> [DATASET SECTION]
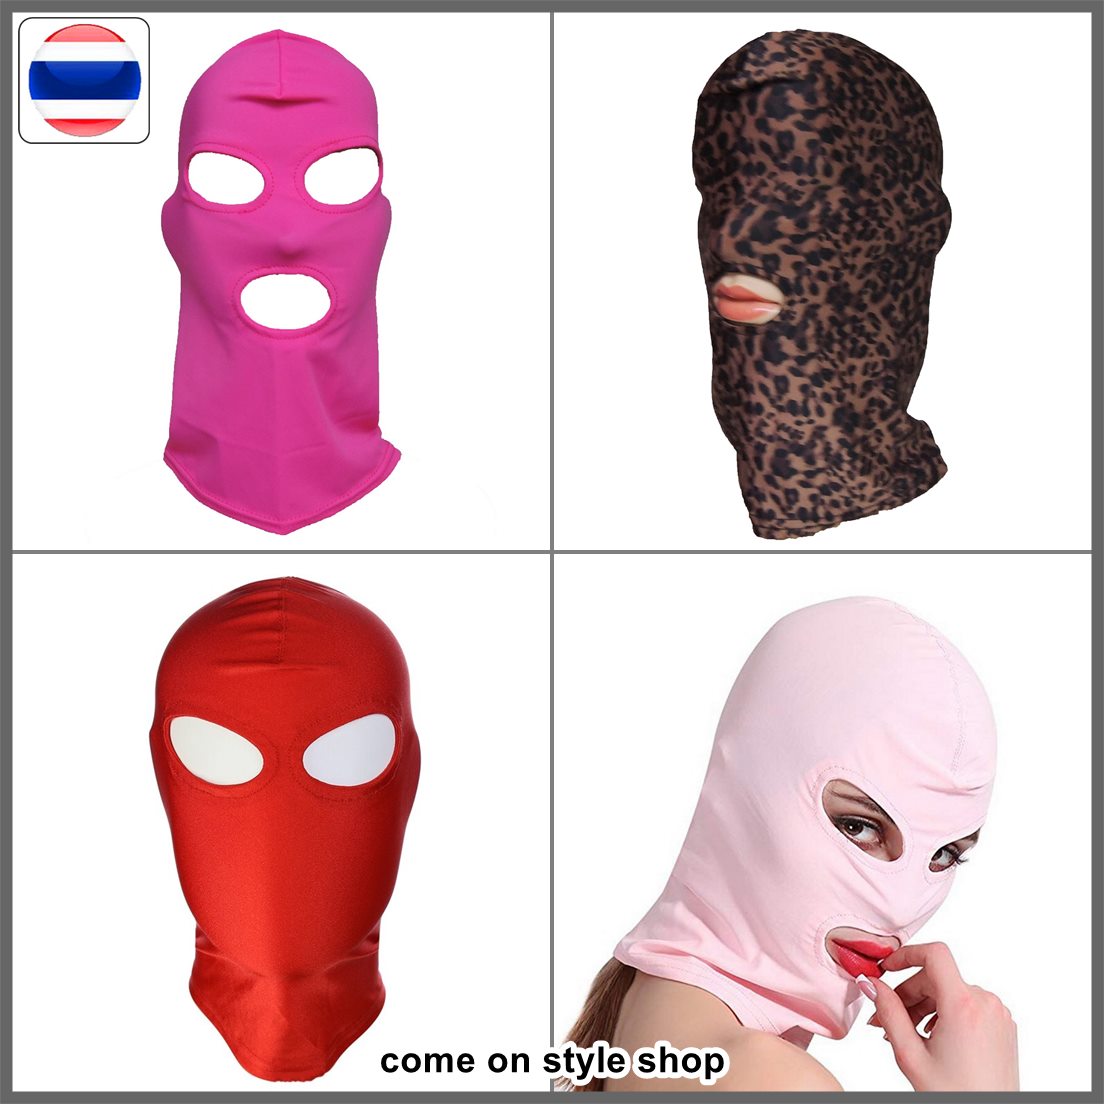 หมวกโม่งแฟนซี ผ้ายืดคลุมหัว น่ารัก เซ็กซ์ซี่ คอสเพลย์ อนิเมะ มังงั งานแฟนซี ปาร์ตี้ สินค้าผู้ใหญ่ Full Cover Hood Elastic Breathable Party Fancy Mask
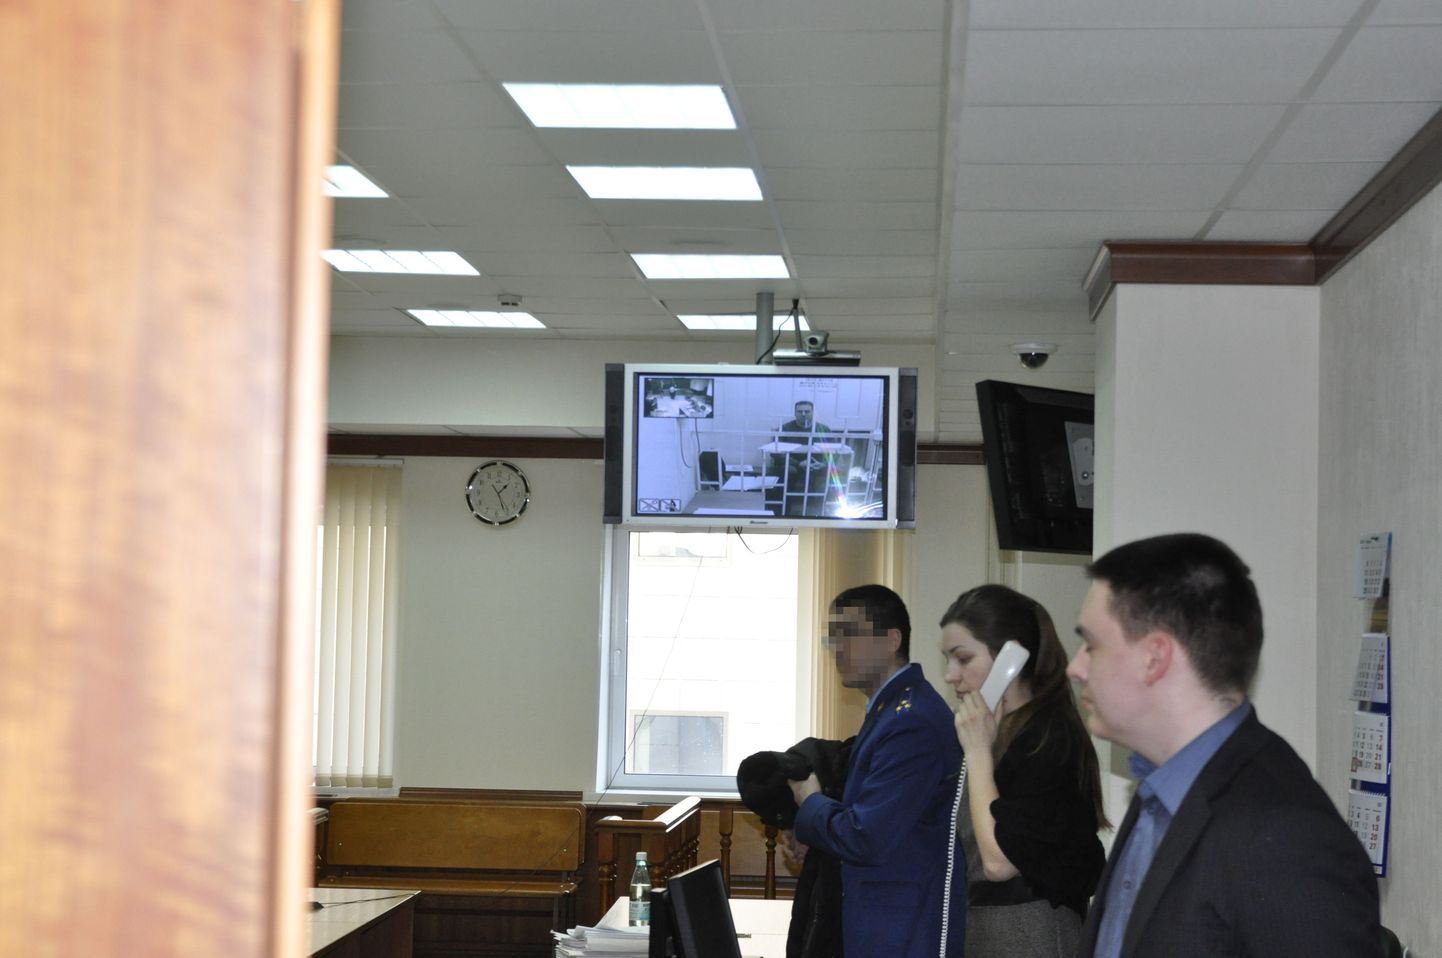 Корреспонденту Postimees удалось сделать фотографию из-за двери Московского суда. На экране за решеткой Райво Суси.
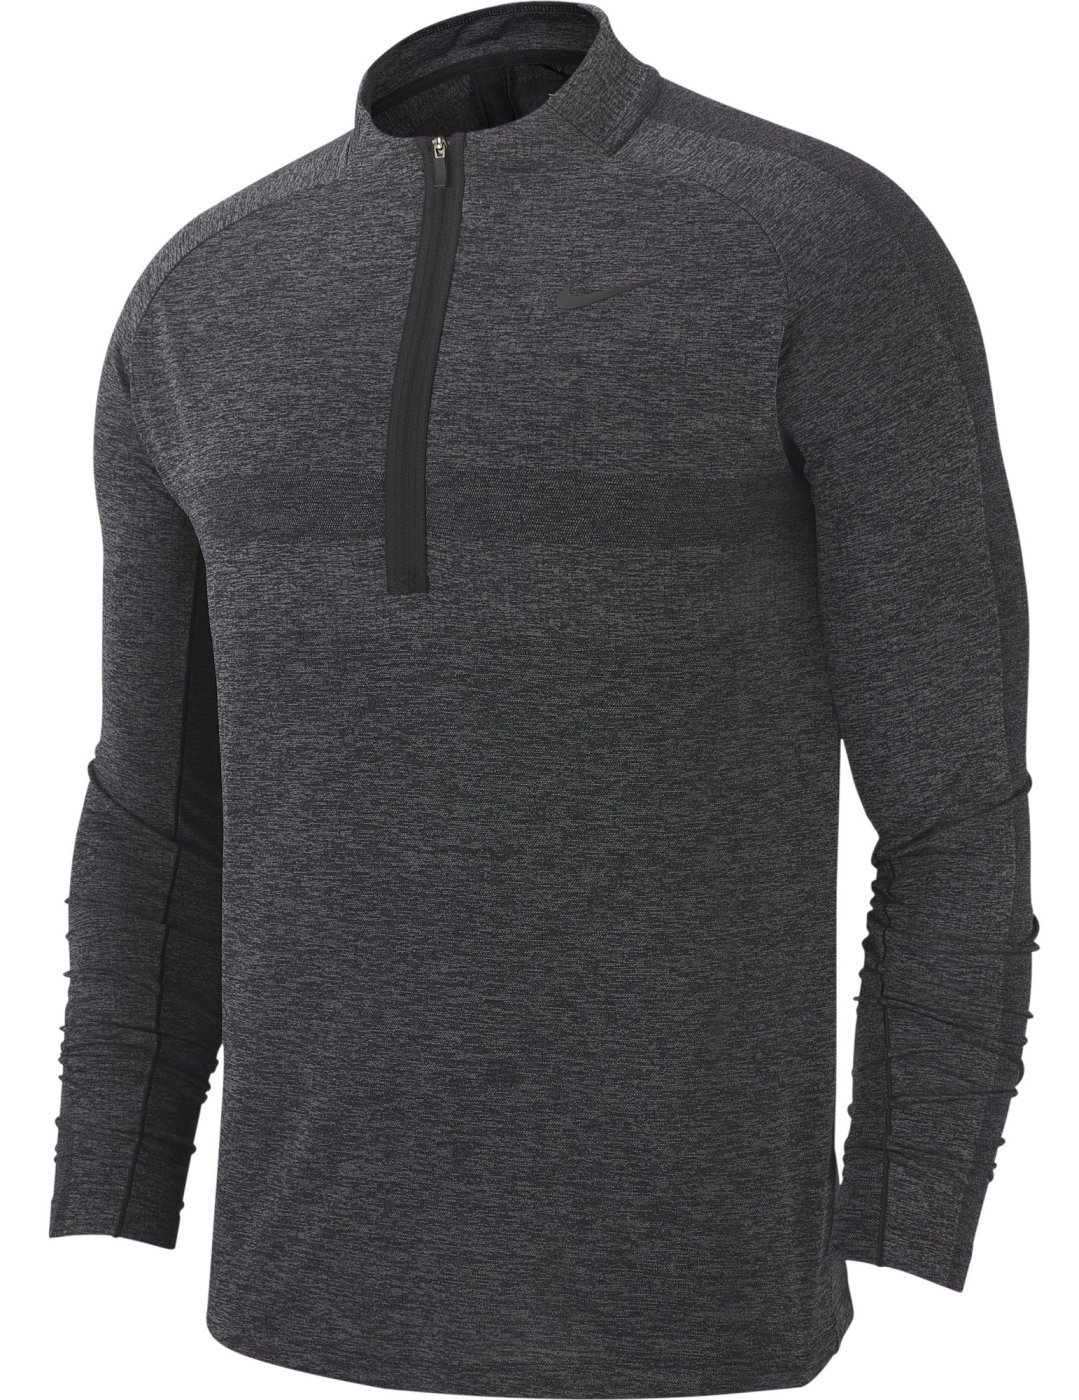 Tröja Nike Dry Knit Statement 1/2 Zip Mens Sweater Black/Dark Grey L
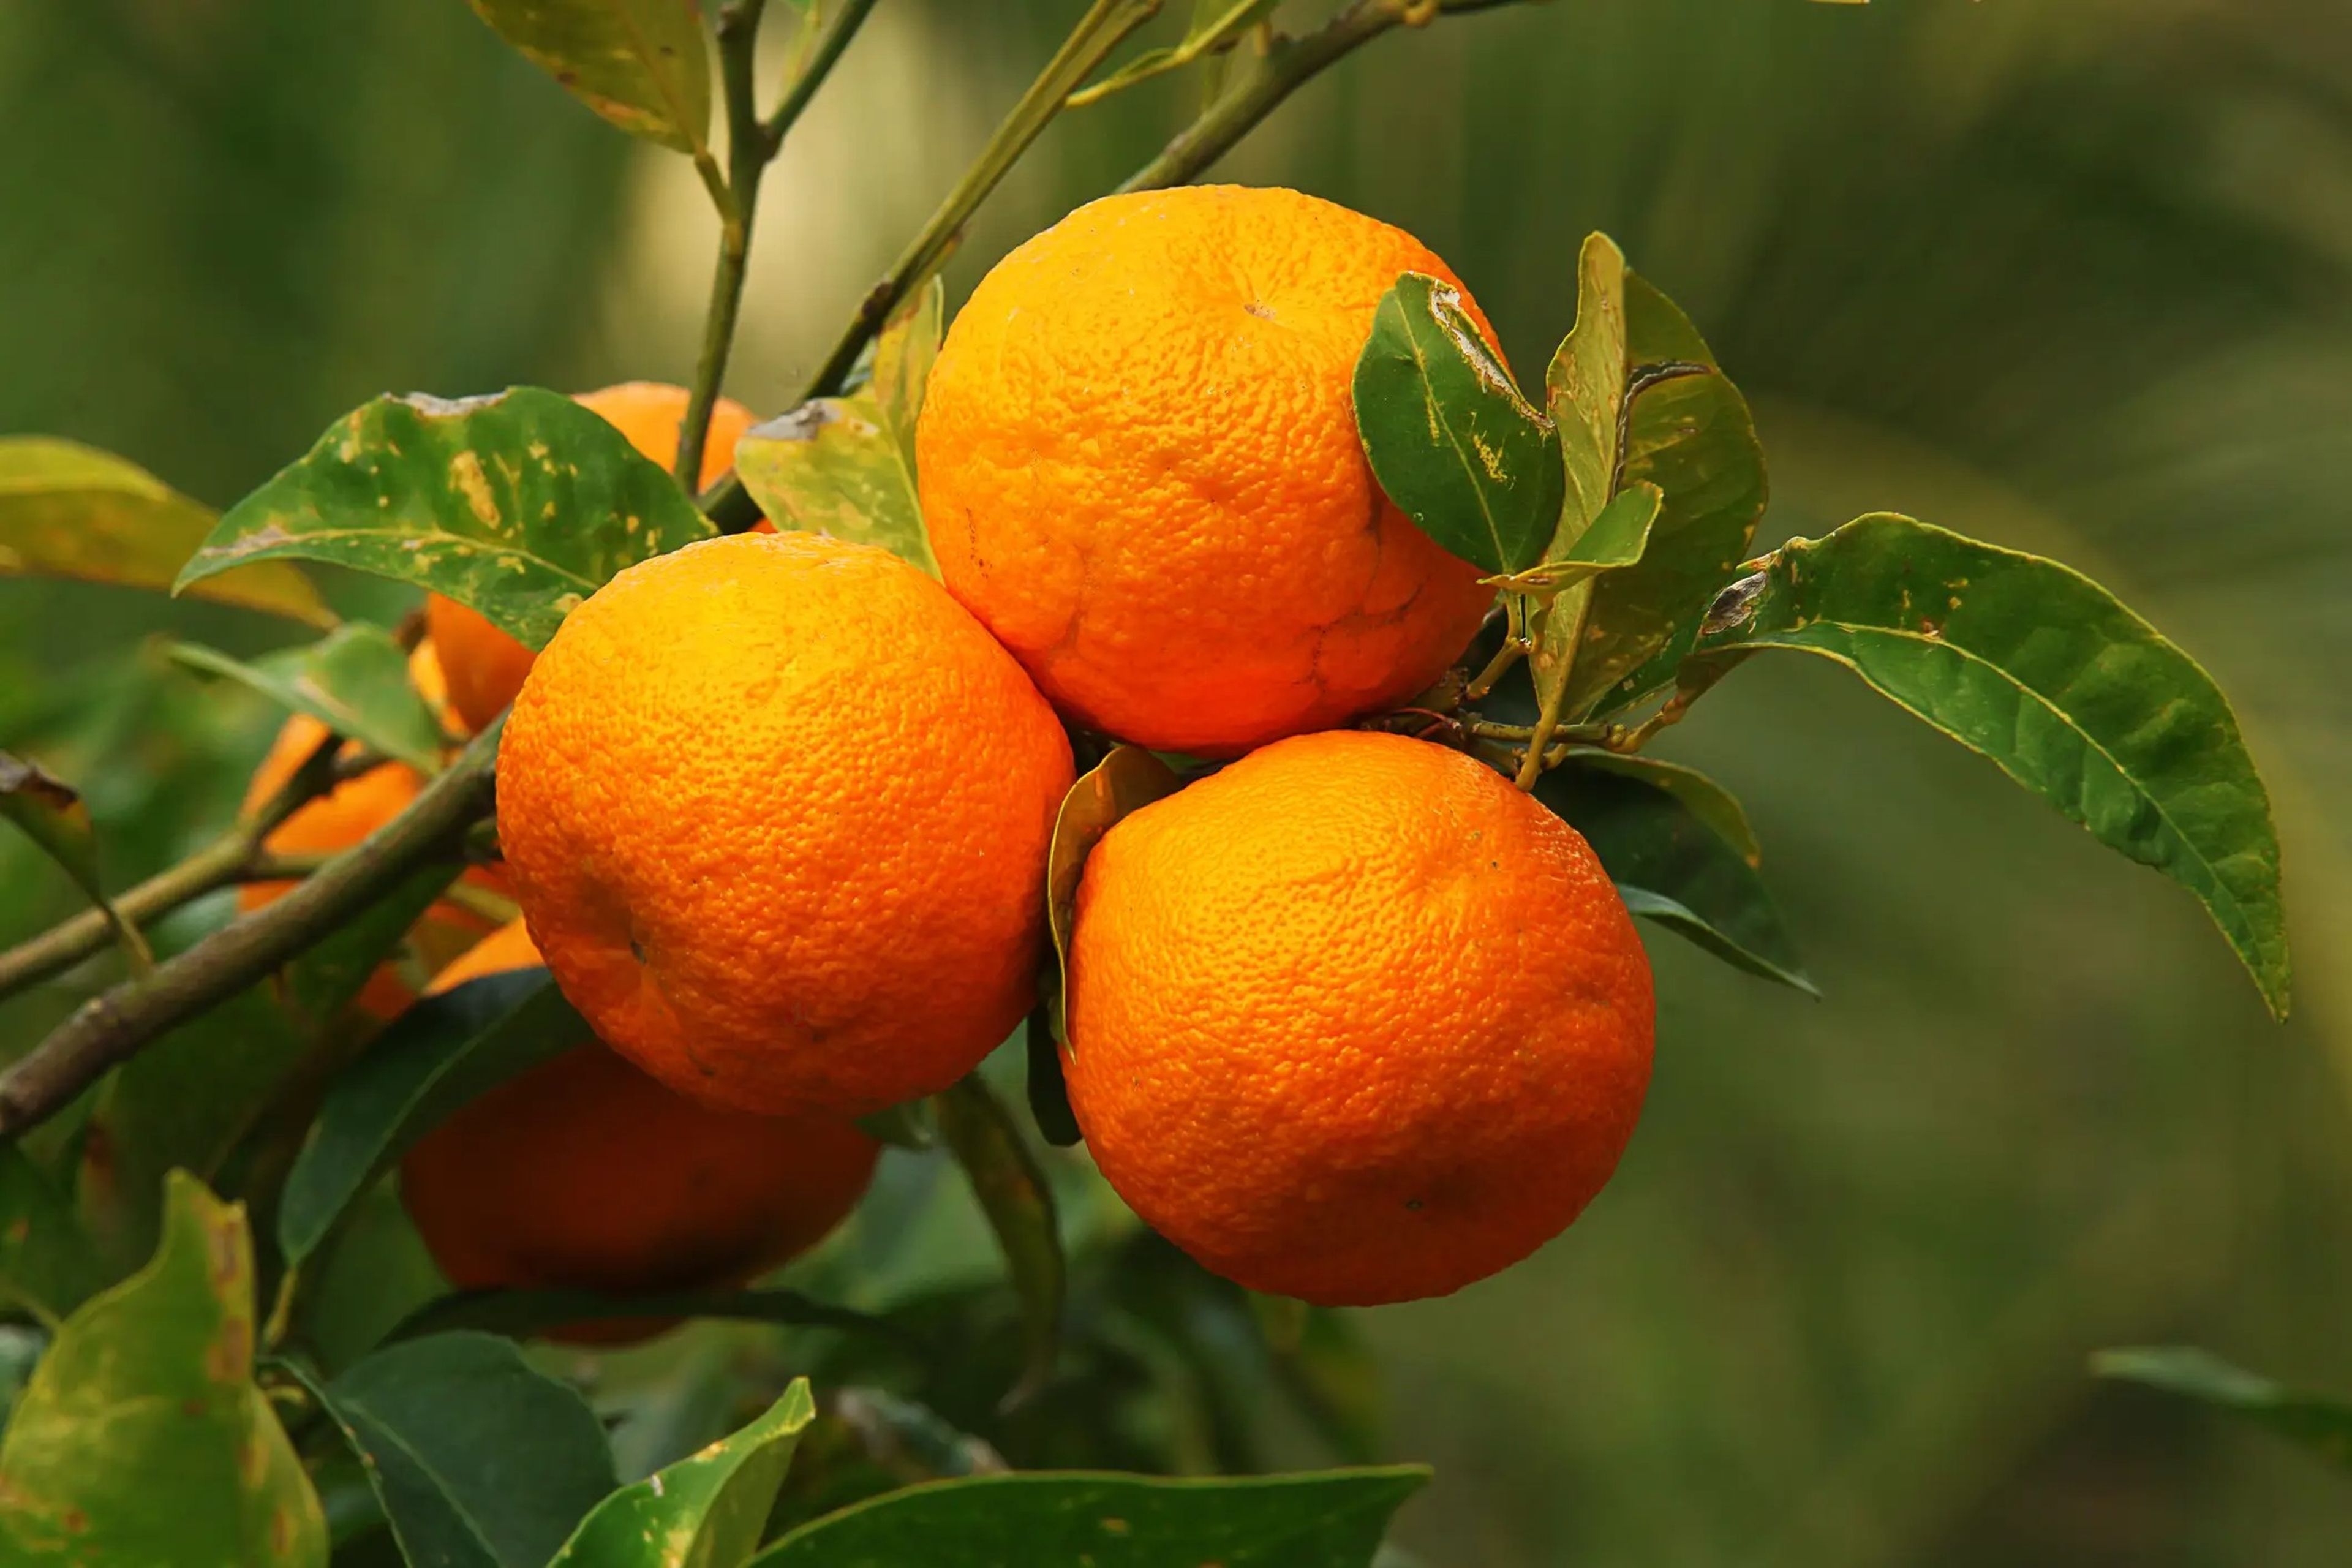 La naranja amarga se ha relacionado con la arritmia cardiaca y puede elevar la presión arterial y la frecuencia cardiaca.

> [WHAT THE TASK ASKS] Without the pictures, transcribe the listing exactly as it stands.

> [EXERCISE SOLUTION]
 หมวกโม่งแฟนซี ผ้ายืดคลุมหัว น่ารัก เซ็กซ์ซี่ คอสเพลย์ อนิเมะ มังงั งานแฟนซี ปาร์ตี้ สินค้าผู้ใหญ่ Full Cover Hood Elastic Breathable Party Fancy Mask
 Корреспонденту Postimees удалось сделать фотографию из-за двери Московского суда. На экране за решеткой Райво Суси.
 Tröja Nike Dry Knit Statement 1/2 Zip Mens Sweater Black/Dark Grey L
 La naranja amarga se ha relacionado con la arritmia cardiaca y puede elevar la presión arterial y la frecuencia cardiaca.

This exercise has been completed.